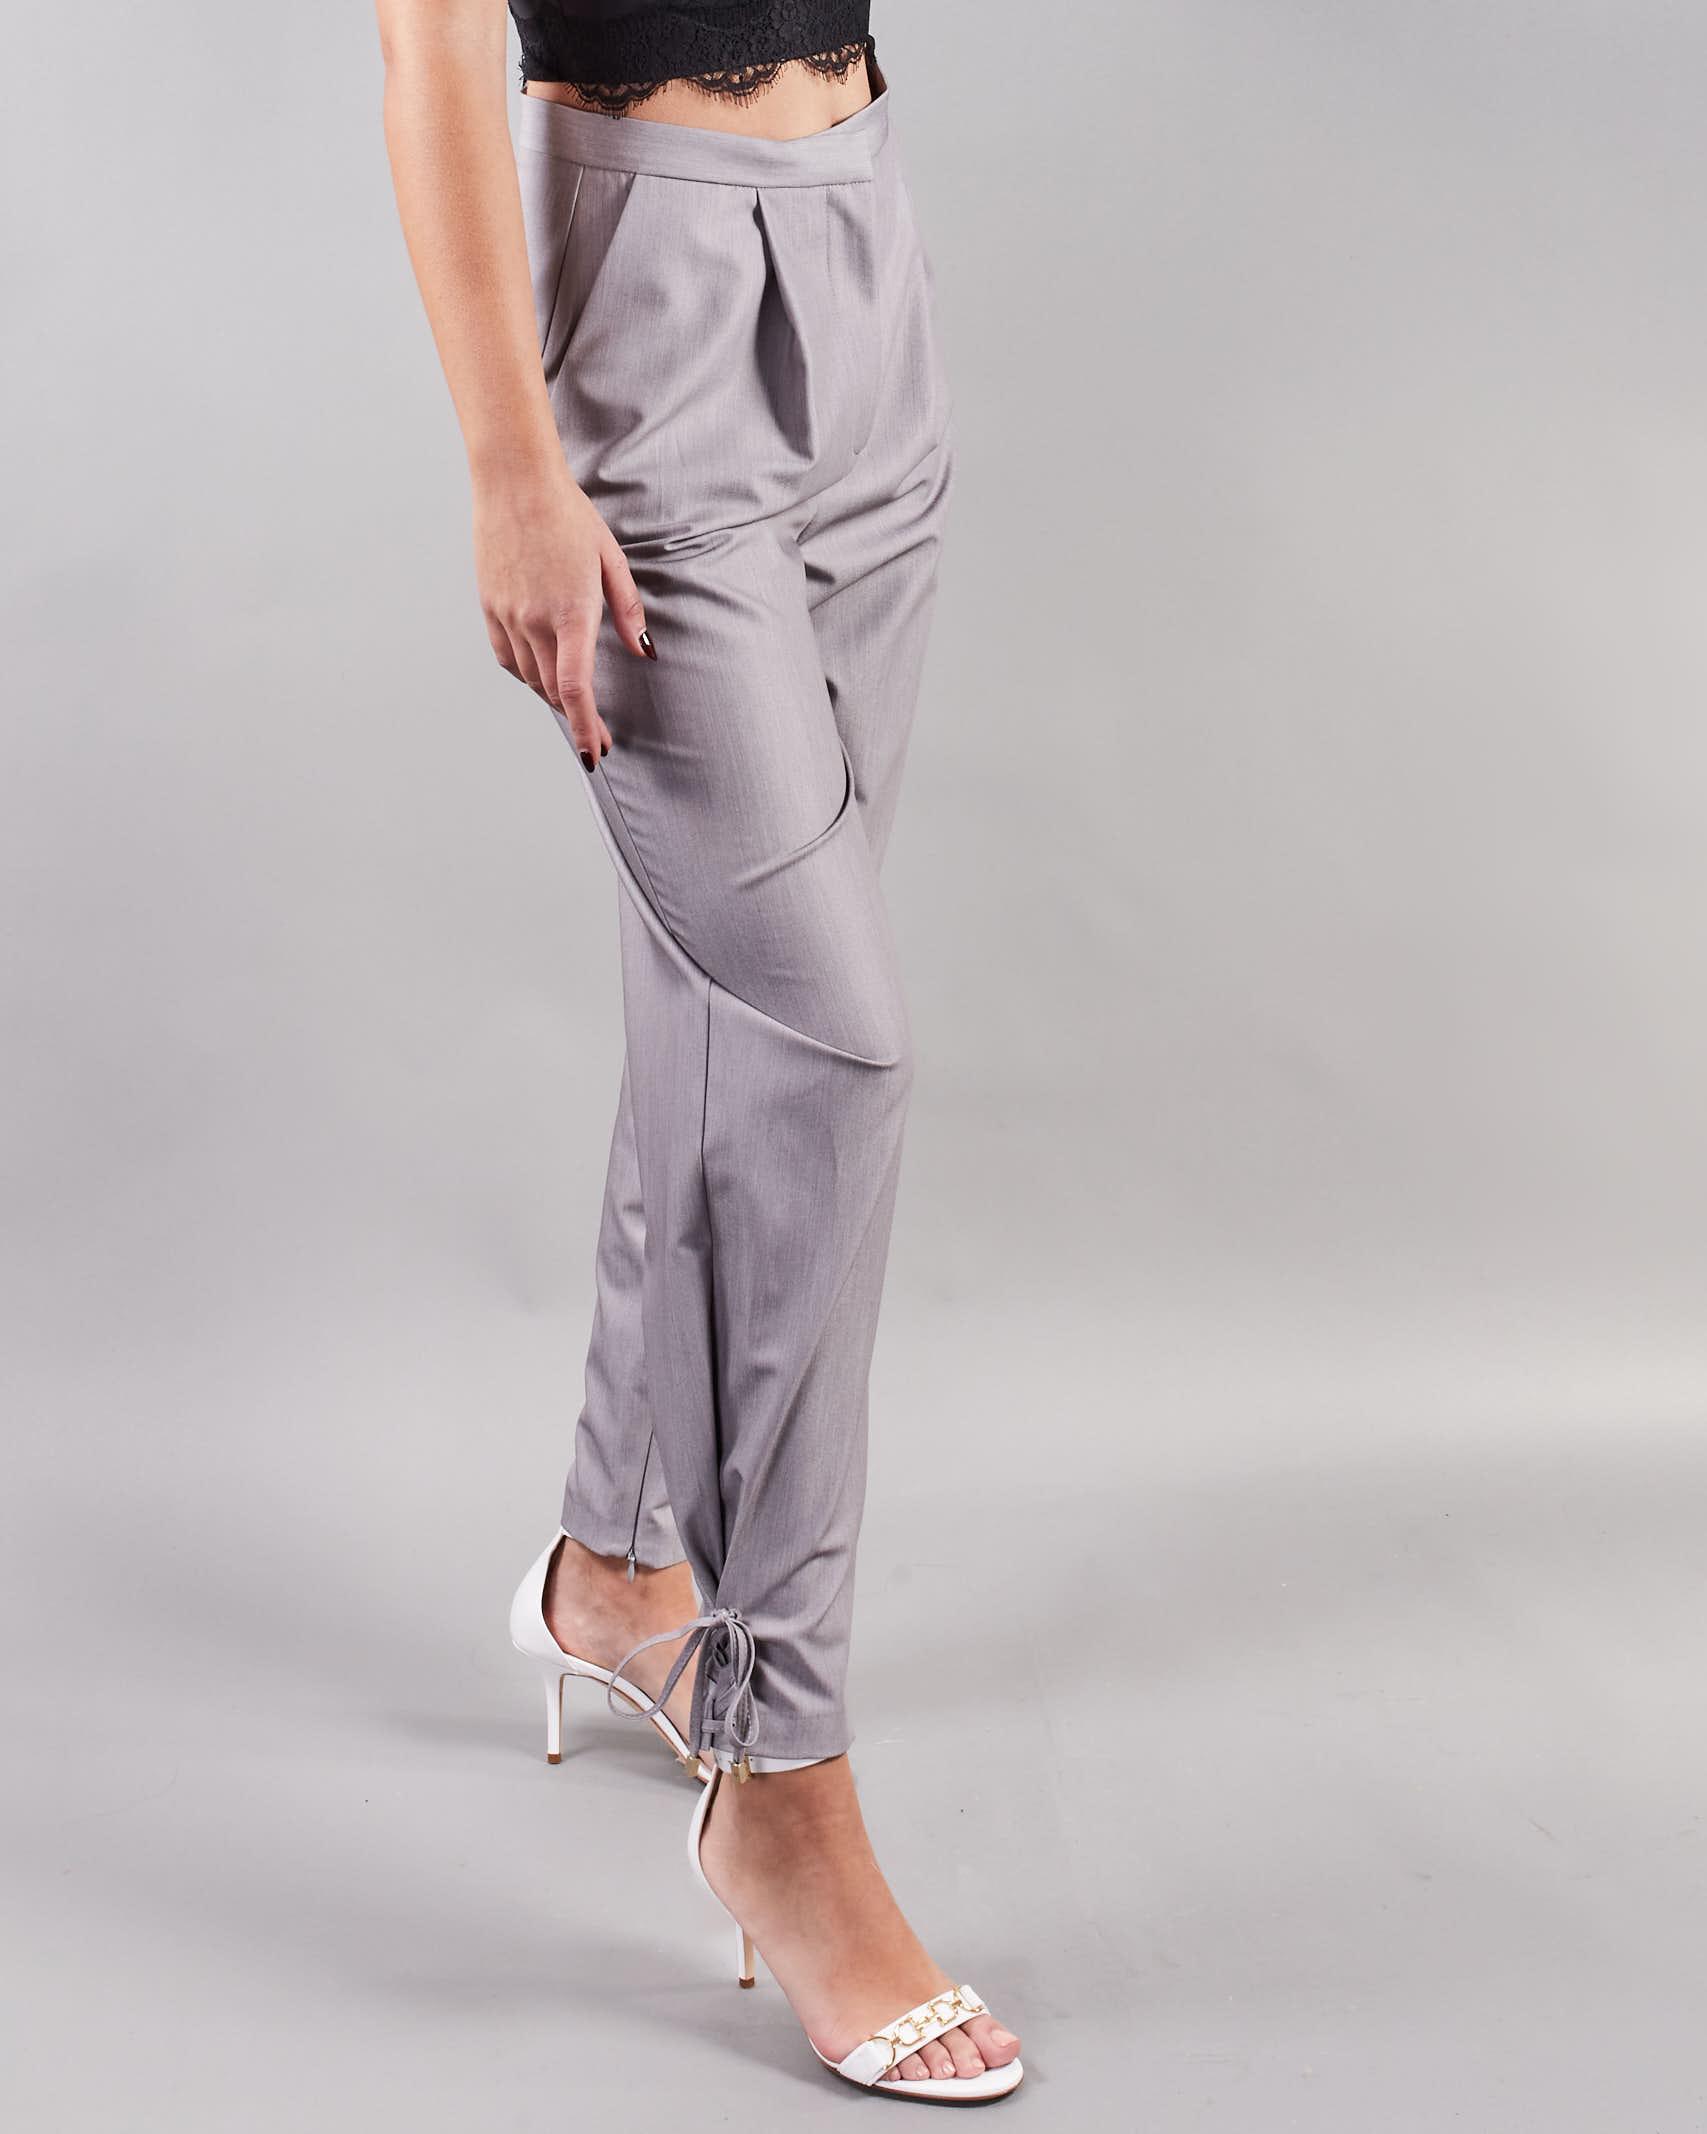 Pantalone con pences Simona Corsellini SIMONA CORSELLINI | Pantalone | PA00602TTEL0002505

=====

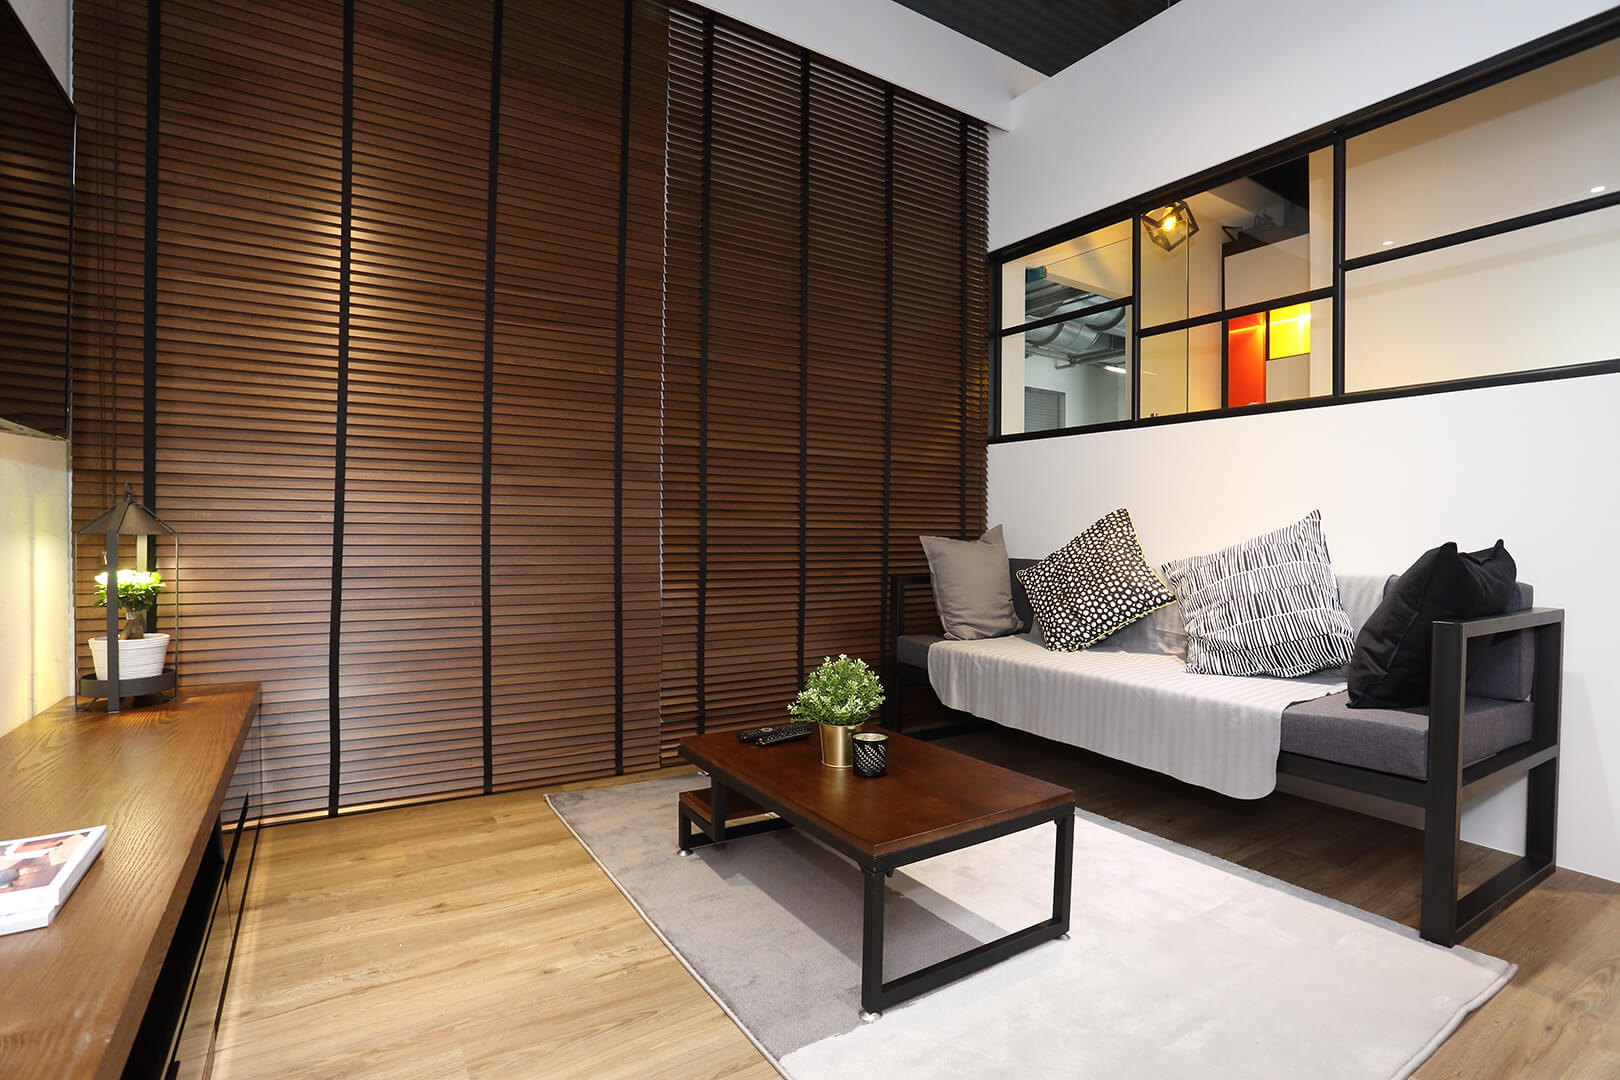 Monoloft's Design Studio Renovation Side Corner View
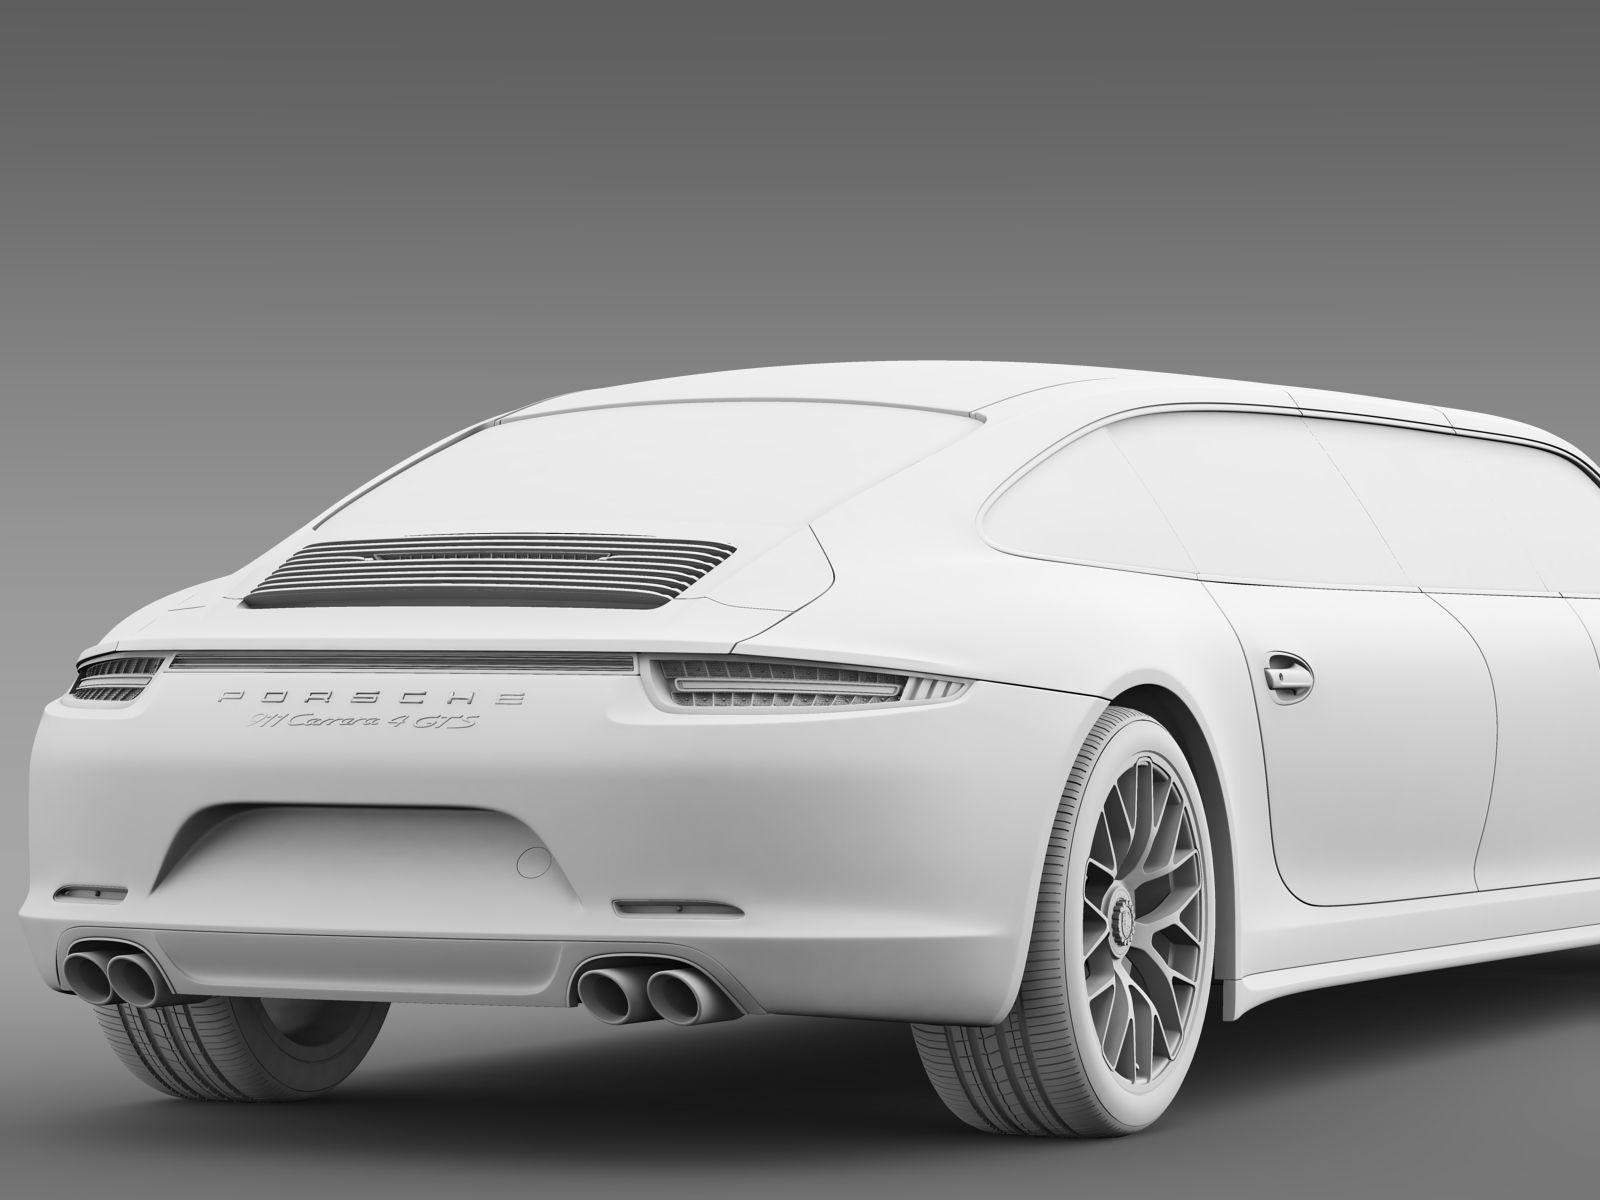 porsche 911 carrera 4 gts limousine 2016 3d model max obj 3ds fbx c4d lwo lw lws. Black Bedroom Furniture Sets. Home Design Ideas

=====

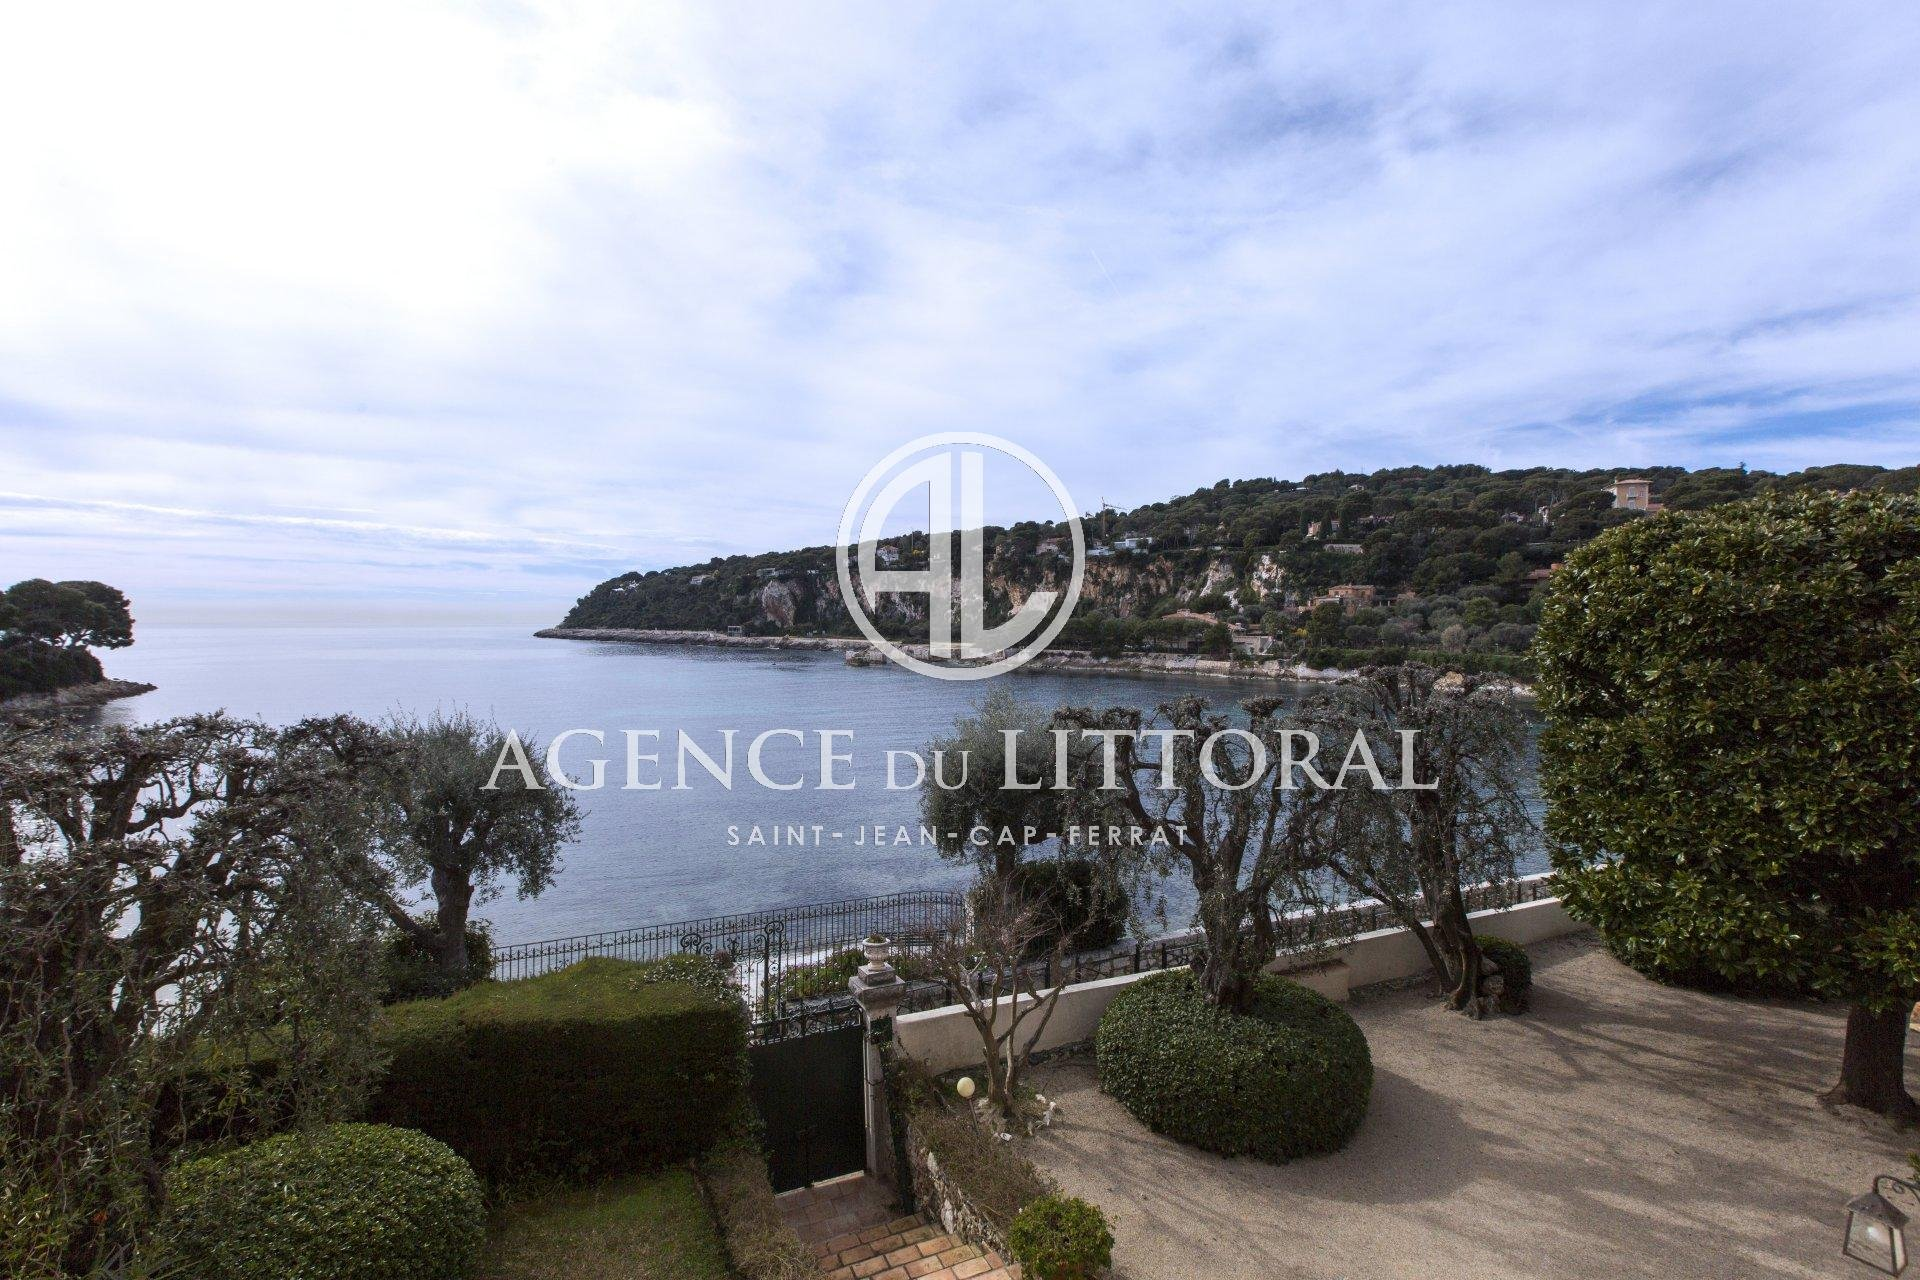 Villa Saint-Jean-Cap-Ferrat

=====

• **WHAT YOU ARE ASKED TO DO**
I'd like the lines above repeated exactly, from the one that contains "Monoloft's Design Studio" through the one that contains "porsche 911 carrera", with no pictures.

• **FINISHED EXERCISE**
 Monoloft's Design Studio Renovation Side Corner View
 porsche 911 carrera 4 gts limousine 2016 3d model max obj 3ds fbx c4d lwo lw lws. Black Bedroom Furniture Sets. Home Design Ideas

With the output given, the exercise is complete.